Tuesday, April 13, 2010
And the Heavens Opened
Last night I inadvertently left my sun roof open. Thank goodness when I got into my car this morning that it hadn't rained and that the temperature had lowered and prevented a fine dusting of pollen to fill my Golda with its springtime wealth.
I like to believe that I was tapping into my conduit to heaven through my sun roof. That and the wind rippling through my hair and the bright spring sun are what motivate me to open up Golda in this pollen-infested world.
Just last week, for instance, I was in a tight spot with my dissertation. My adviser was convinced that my structure was all wrong and that my previously-written chapters were off and shouldn't be included. She was partly right. The biggest problem, though, was that I didn't have a tight focus. I couldn't figure out the core value of all my little strands. I'd felt blocked the past few months as I tried to hammer out a dissertation that didn't really stand on its own.
So I struggled through it that weekend. I went to all my usual sources of inspiration (including the fabulous Kenwood neighborhood in Chevy Chase for some non-touristy cherry blossom stimulation). I read an article by my dear mentors from a previous life at BYU, Jill & Carol. They seemed to have hit one of my ideas right on, and while I was delighted in their work, I was also a bit disappointed because it's now not mine to make.
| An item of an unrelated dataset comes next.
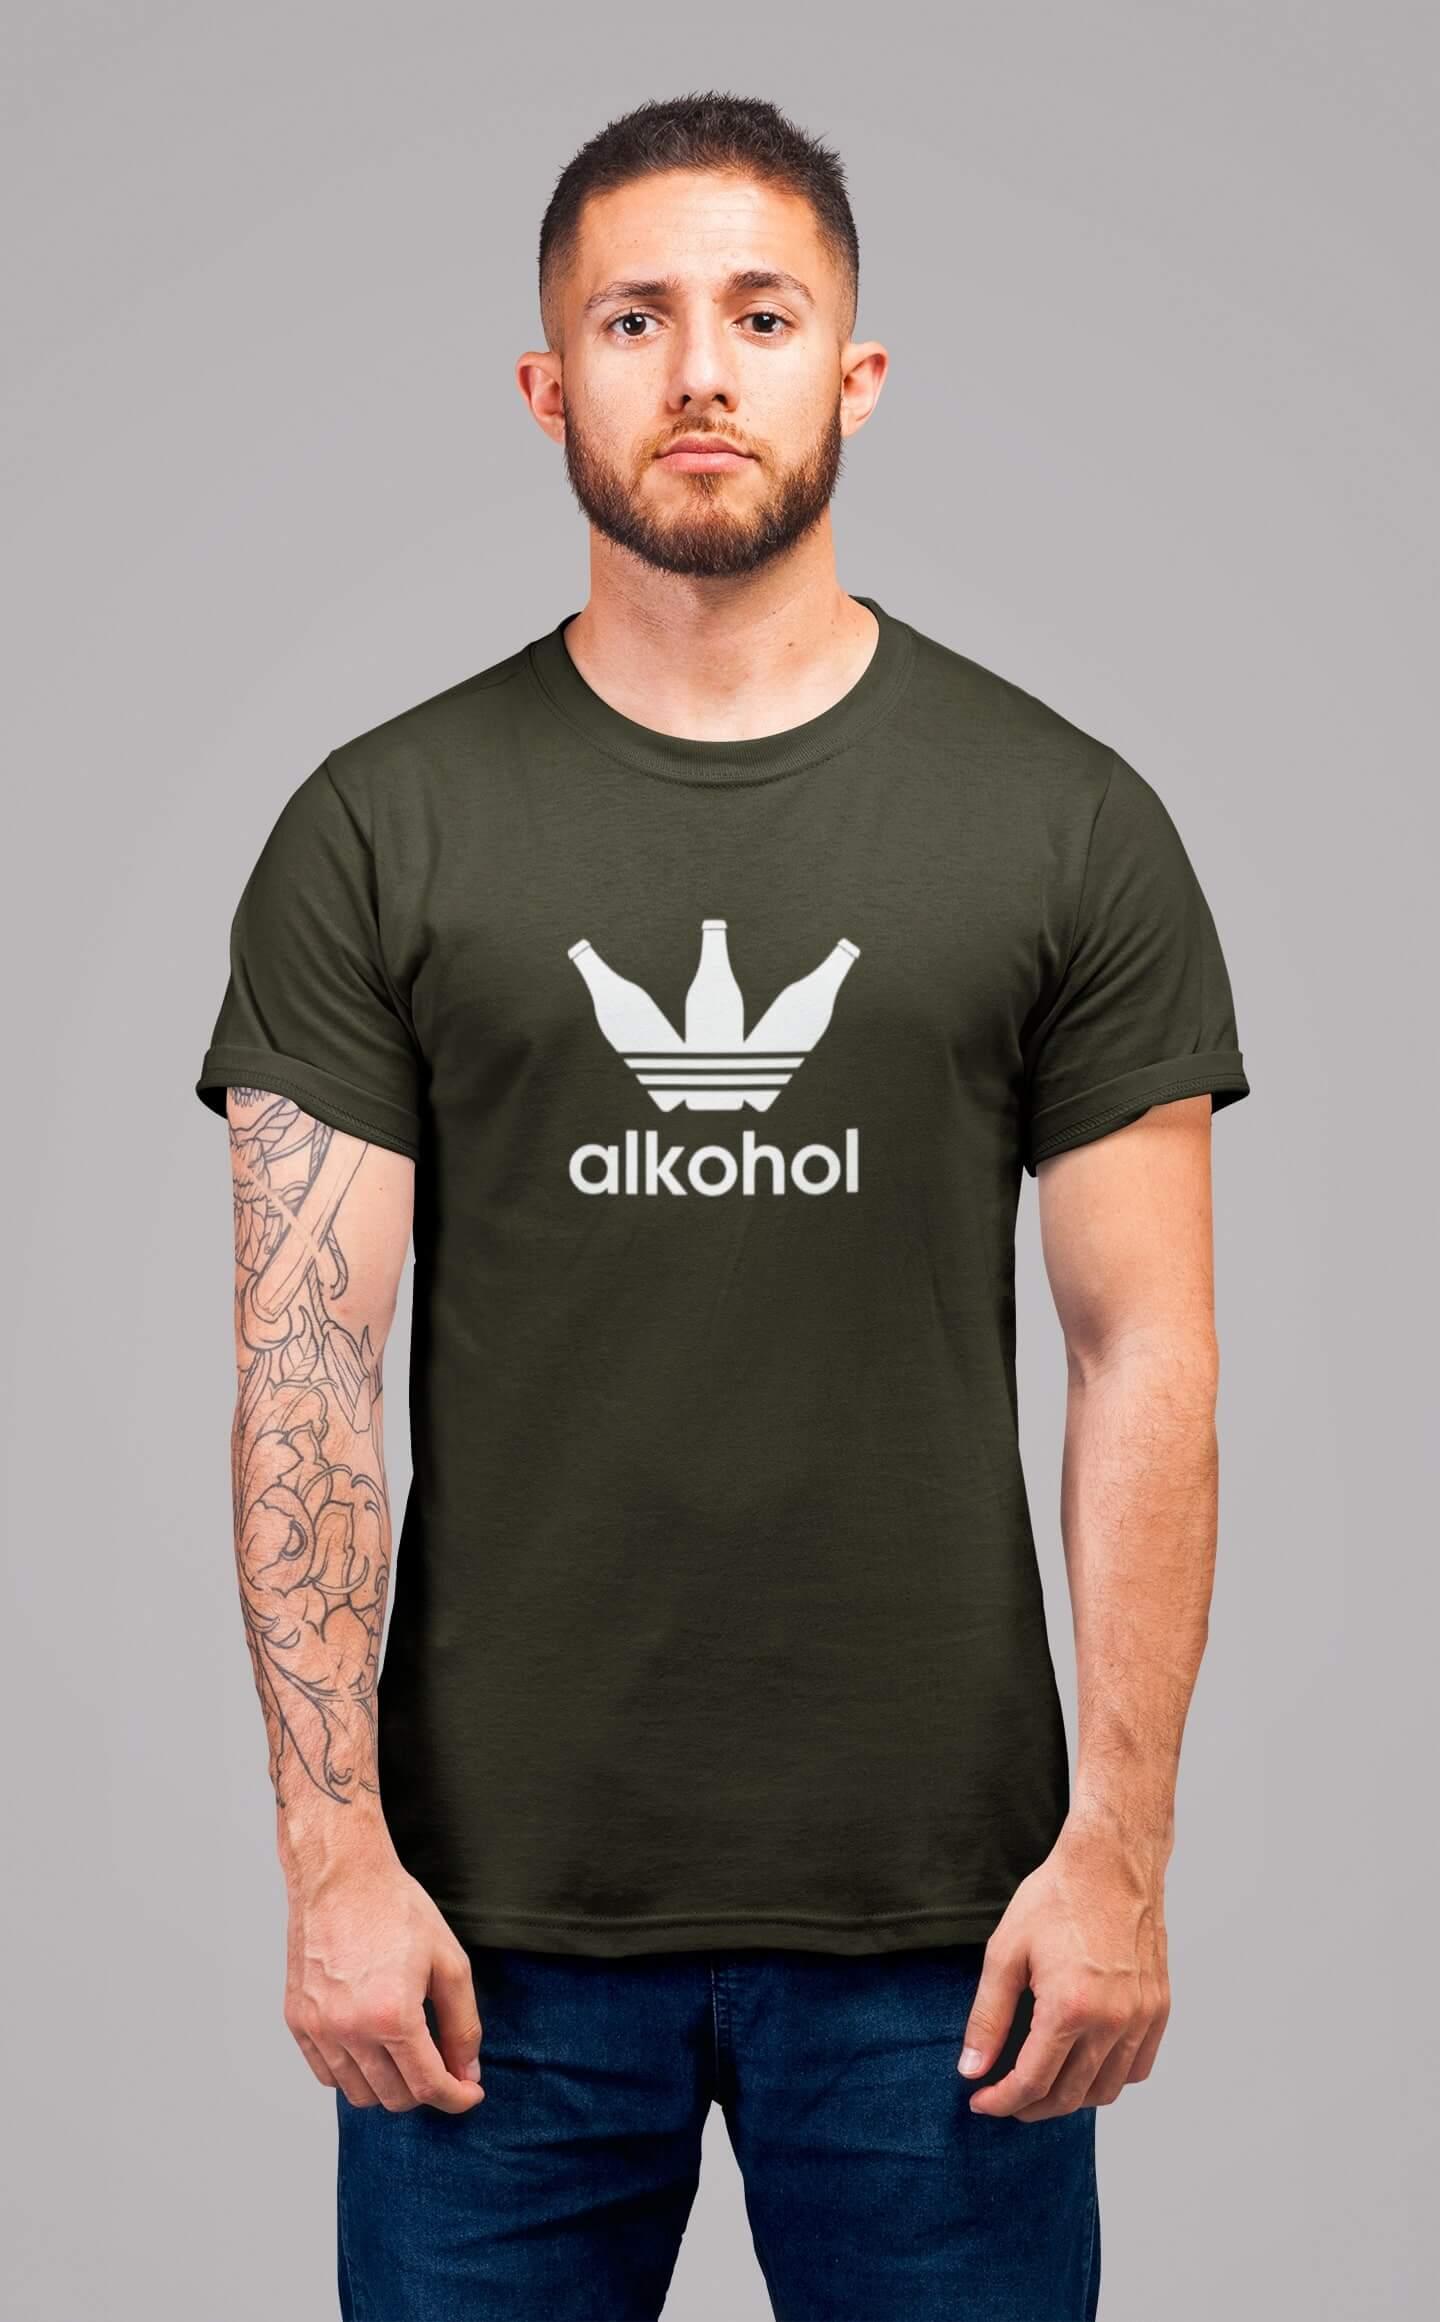 MMO Pánske tričko s flaškami Vyberte farbu: Military, Vyberte veľkosť: S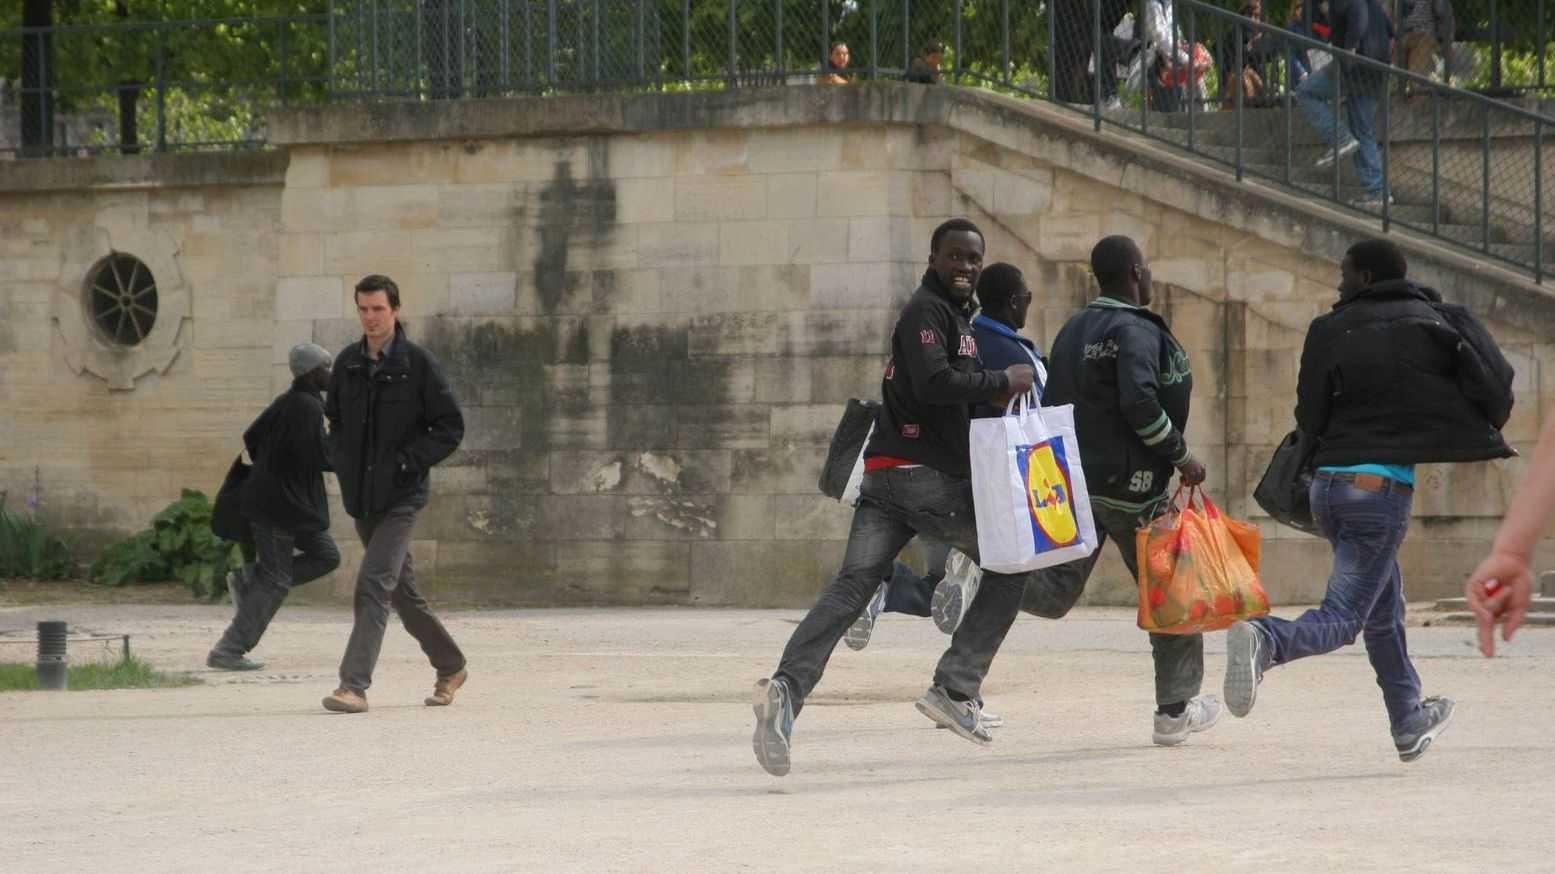 Торговцы-нелегалы убегают от полиции

And then it hit me. It came. The heavens opened and all of a sudden all these little pieces from my past years of research and papers and exhibits instantly fell into place. CLICK. I figured it out. I saw so clearly, in that beam of sunlight on my back patio last Wednesday, the day before I met with my adviser to restructure my dissertation, and my conduit popped. I welcome those brief moments of clarity. This morning at the gym as I labored on the bike (breathing heavily through my allergy-infested lungs), I had another moment, explaining another part of my life. These are the moments, these bits of light, these conduits, that I cling to and that provide direction for the next little bit. Oh thank goodness!